Il est néanmoins utile de revoir l’histoire et de voir les leçons qu’elle nous enseigne, ainsi que celles que nous apprenons d’autres espaces. Demandons-nous pourquoi les États-Unis, l’Argentine, la Colombie et un grand nombre de pays différents de notre vieille Europe maintiennent un système de « ius soli » (droit du sol) par opposition au « ius sanguini » (droit du sang) des anciens systèmes constitutionnels européens. Ces pays se sont nourris, surtout durant la période de leur plus grande configuration constitutionnelle, le XIXe siècle, de l’immigration et de l’exil, provenant surtout d’Europe, qui ont façonné leur histoire et contribué à leur donner leur identité, non sans conflits ni métissages. Était-il judicieux de dire à ceux qui étaient arrivés pour grossir les rangs des nouvelles patries que leurs enfants n’étaient liés qu’à leurs origines et que pour obtenir tous leurs droits, ils devaient passer par des filtres et des conditions ? Aucun, donc tous ont déclaré que toute personne née sur leur territoire était citoyen du pays.
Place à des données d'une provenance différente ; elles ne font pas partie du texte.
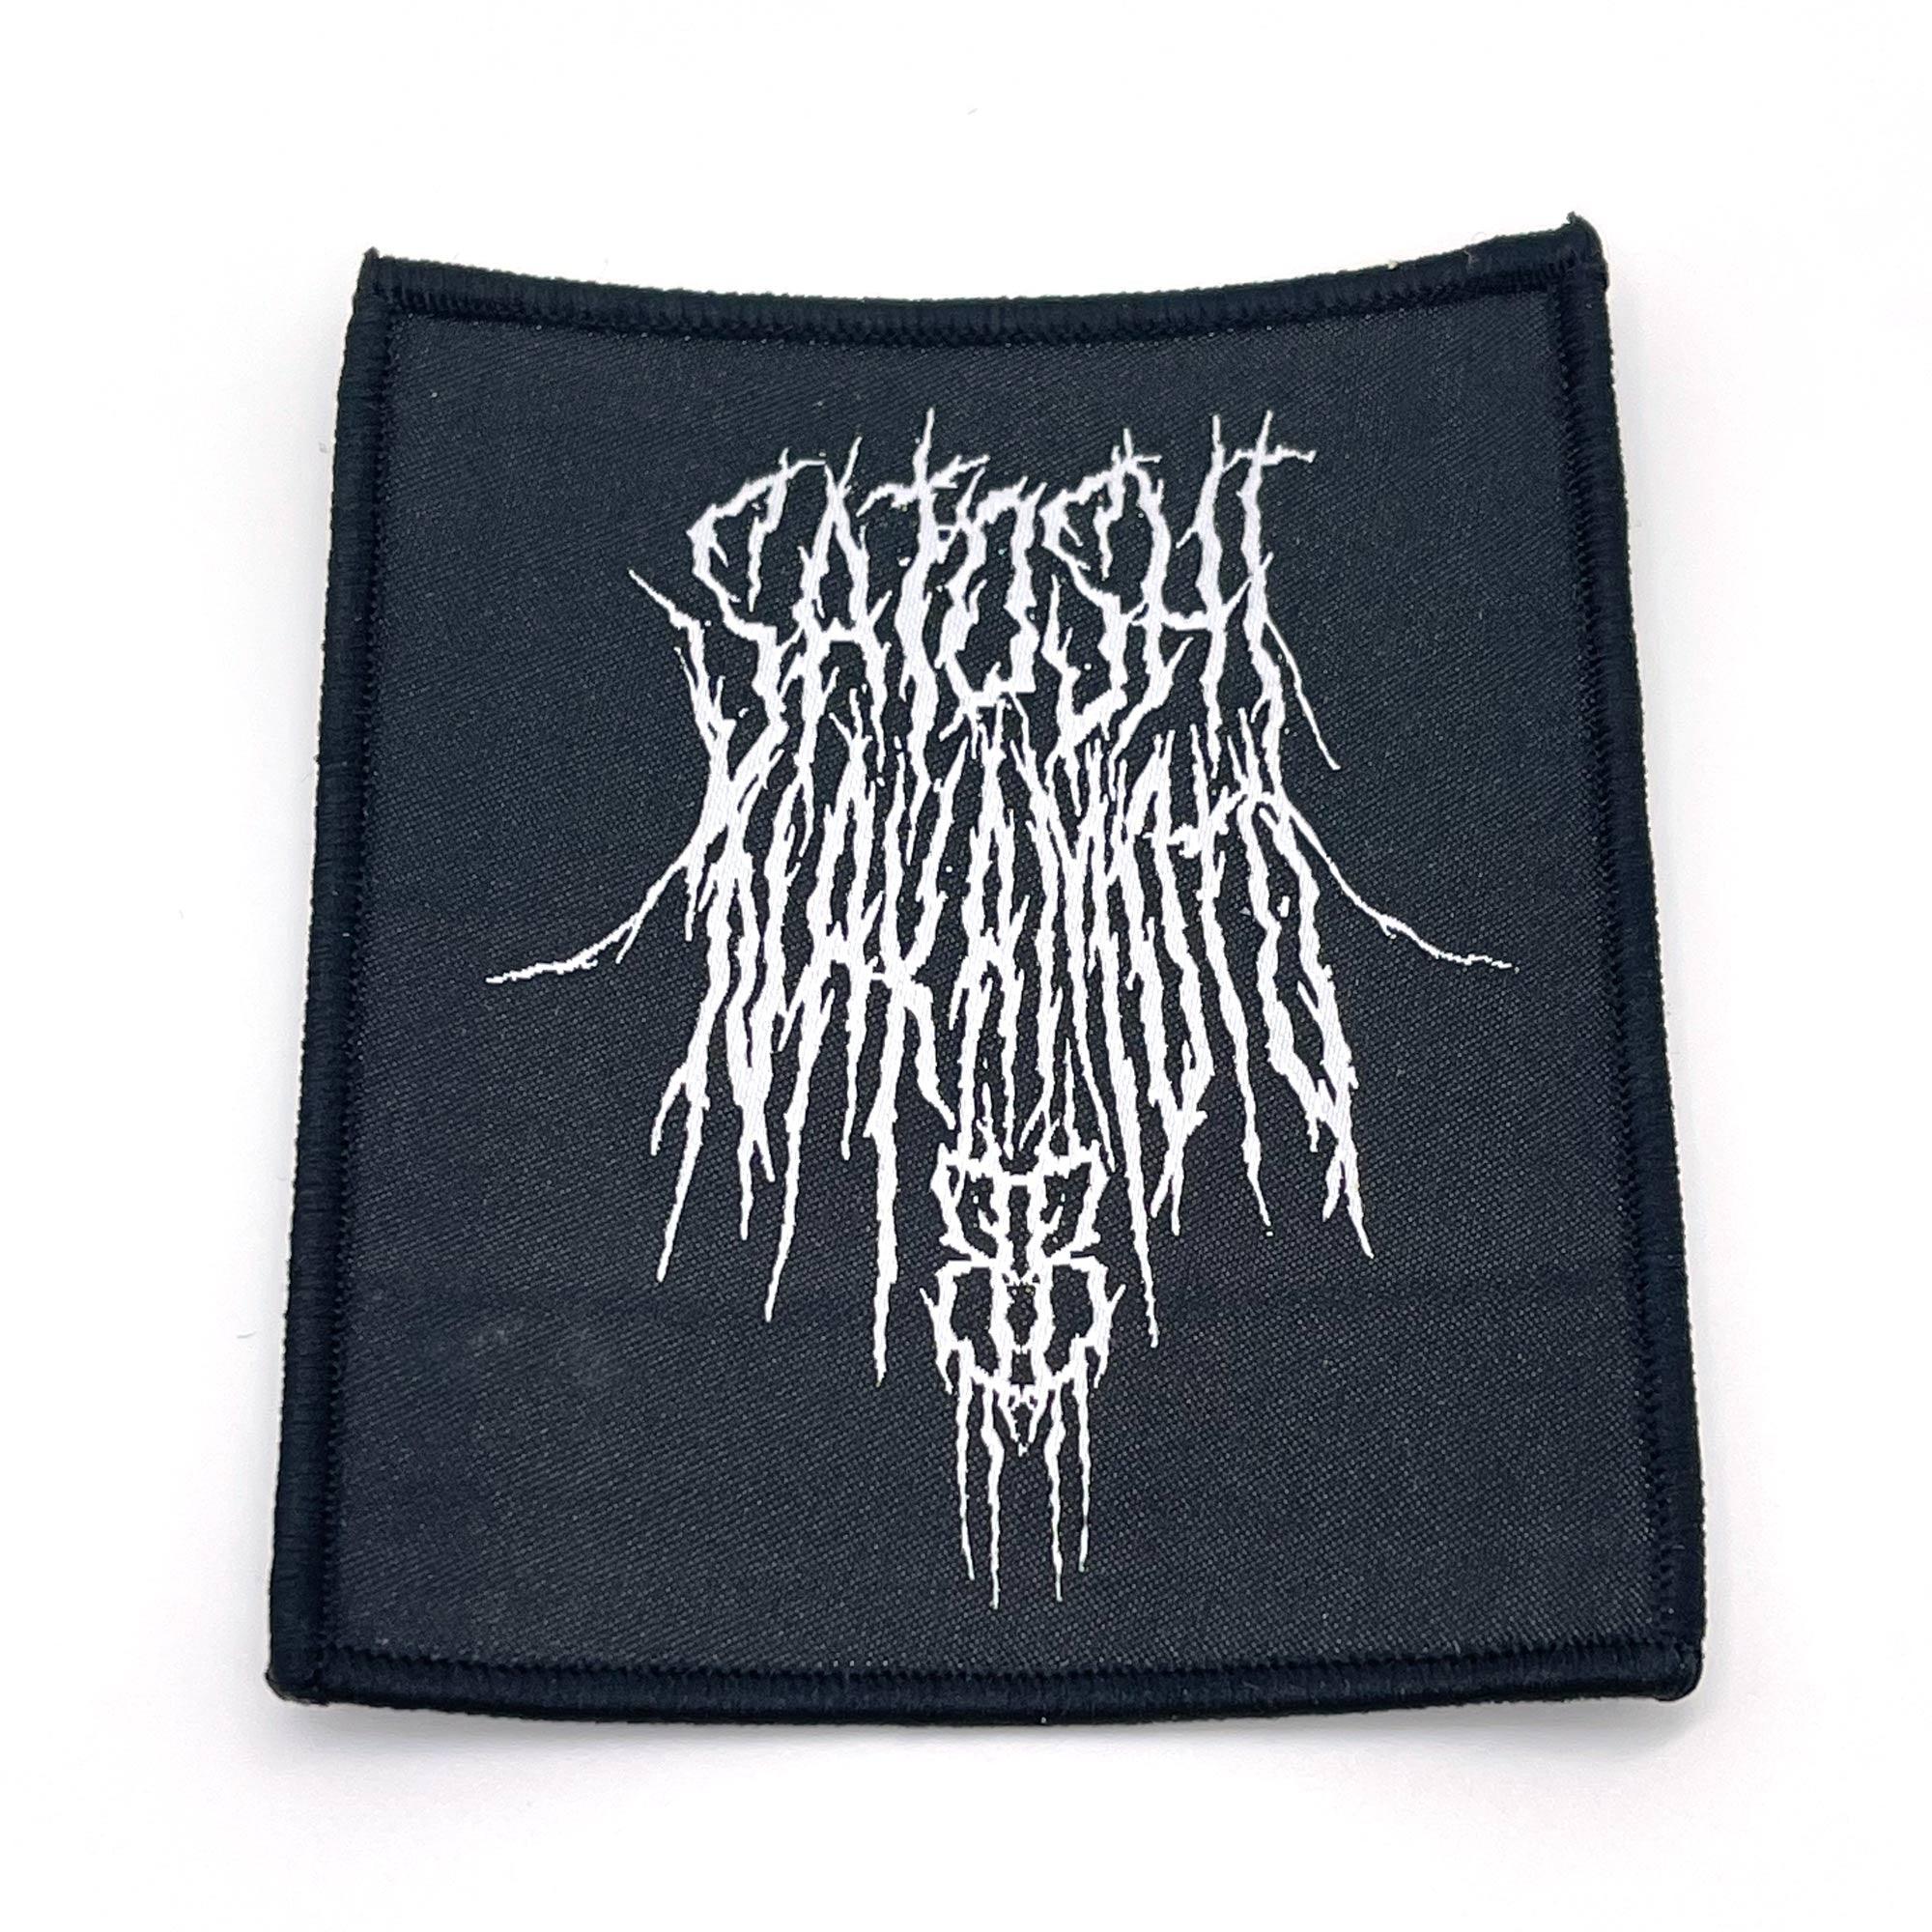 Satoshi Nakamoto Death Metal Patch - No System

D’autre part, la vieille Europe, à la même époque et pendant longtemps encore, ne s’est pas débarrassée des préjugés de race, de lignée et de racines familiales. Et soucieuse avant tout de maintenir un lien avec les futurs soldats nécessaires pour nourrir les armées impériales, elle entretenait un prétendu droit du sang qui soufflait en réalité dans le sens inverse de sa propre histoire. Il est vrai que grâce à cela, il est désormais possible de revendiquer des droits préférentiels pour les enfants et petits-enfants des Espagnols, puisque tant la Loi de la Mémoire Historique que la Loi de la Mémoire Démocratique, ainsi que la loi sur la naturalisation des Séfarades, ont récupéré une grande partie du bagage historique que beaucoup de ces personnes portent avec elles. Cependant, la réalité de l’immigration, qui devient de plus en plus évidente et qui nous enrichit, souffle aujourd’hui dans notre pays dans la même direction qu’elle soufflait autrefois dans les pays où nos grands-parents se rendaient à la recherche d’une vie plus digne.
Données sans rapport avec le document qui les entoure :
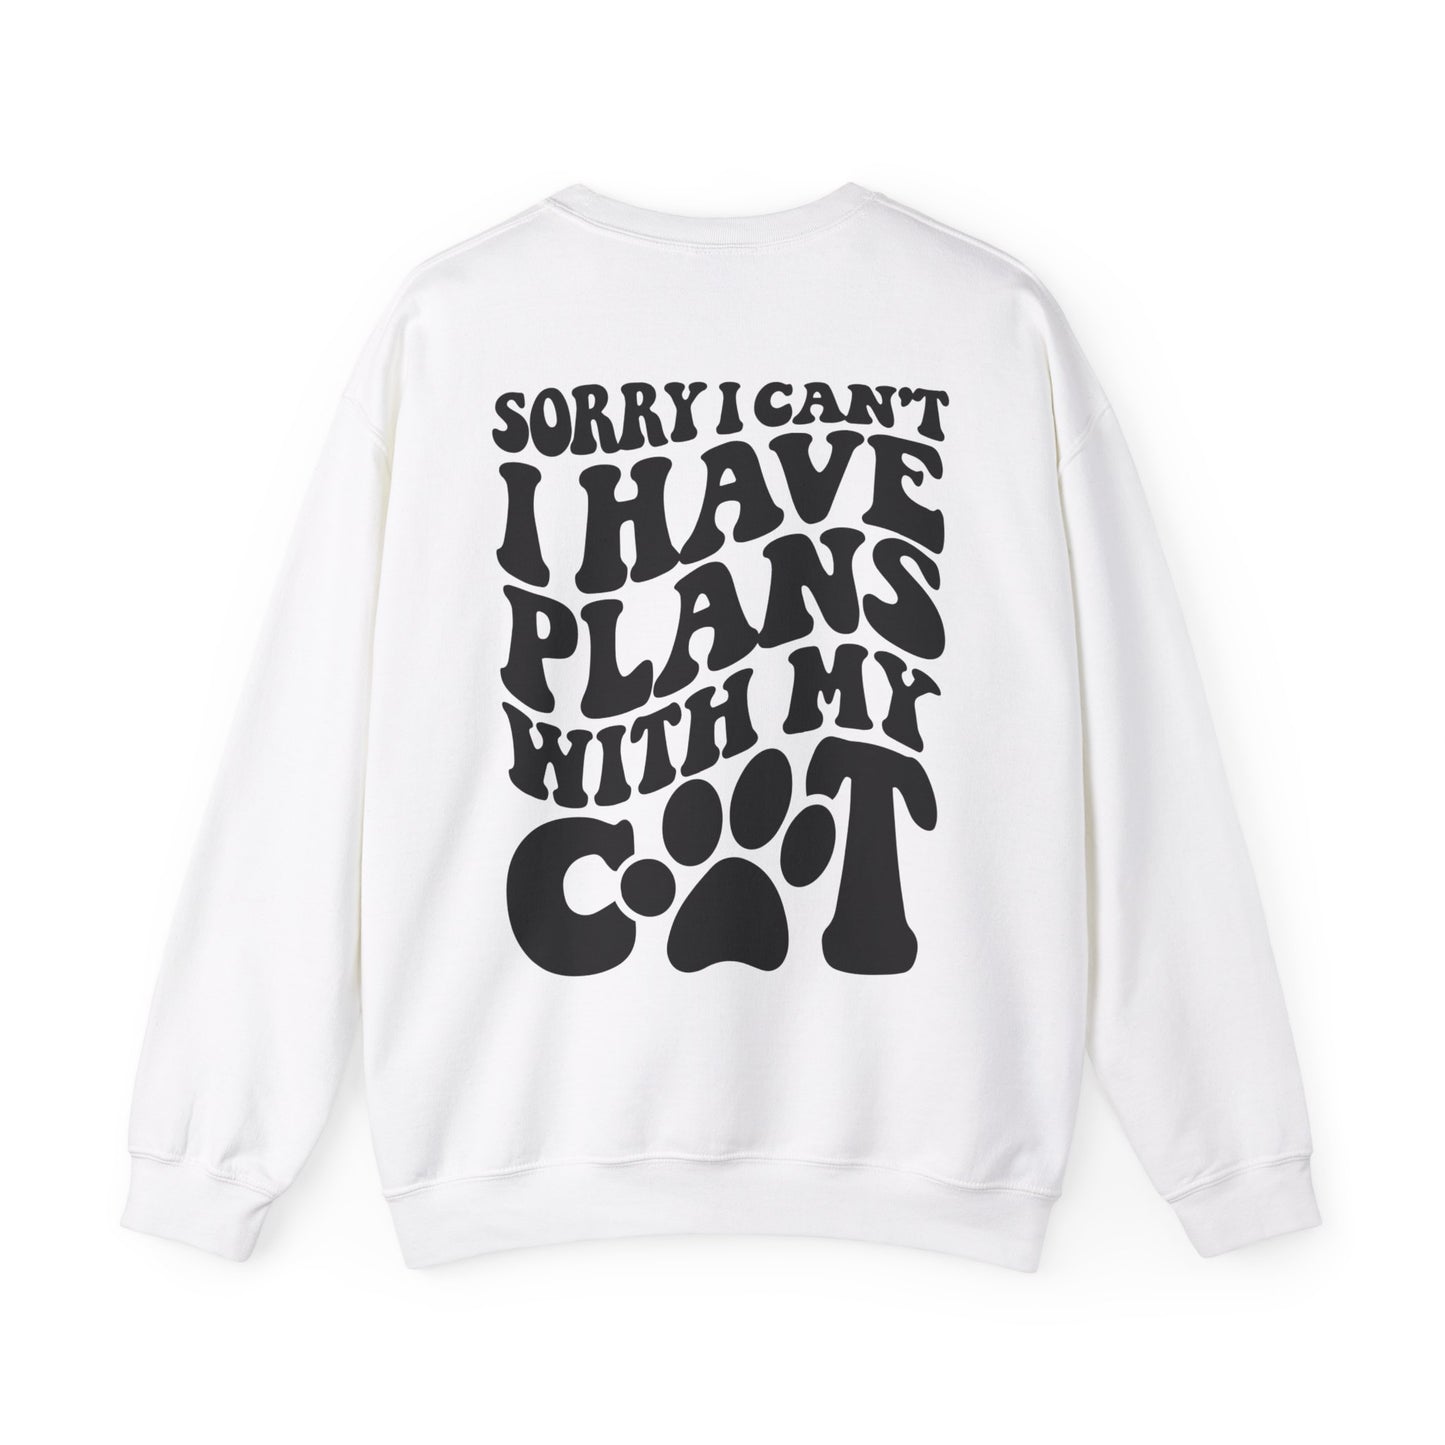 I have plans with my Cat - Crewneck Sweatshirt

Nous sommes confrontés au défi de construire une société libérée des préjugés raciaux qui ont causé tant de tort ailleurs. De surmonter la médaille du « vieux chrétien », et d’oublier la honte de l’origine, du porc et du bâtard. Il est donc temps de revoir l’attribution de la nationalité dans notre pays et dans le reste des pays de l’UE et d’adopter avec joie et un esprit d’accueil la soli ius.
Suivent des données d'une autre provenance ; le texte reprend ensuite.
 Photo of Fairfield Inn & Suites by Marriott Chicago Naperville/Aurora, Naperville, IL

Les enfants de nos rues et de nos villes devront sans doute affronter les défis pour surmonter ces préjugés qui deviennent aujourd’hui évidents et douloureux. Et c’est à nous de décider si la loi et le droit sont d’un côté ou de l’autre dans ces conflits. Le fait qu’il n’y ait pas d’enfants sous notre toit que nous pouvons appeler « étrangers » sera la meilleure garantie qu’il sera plus difficile de les soumettre à une discrimination incivile.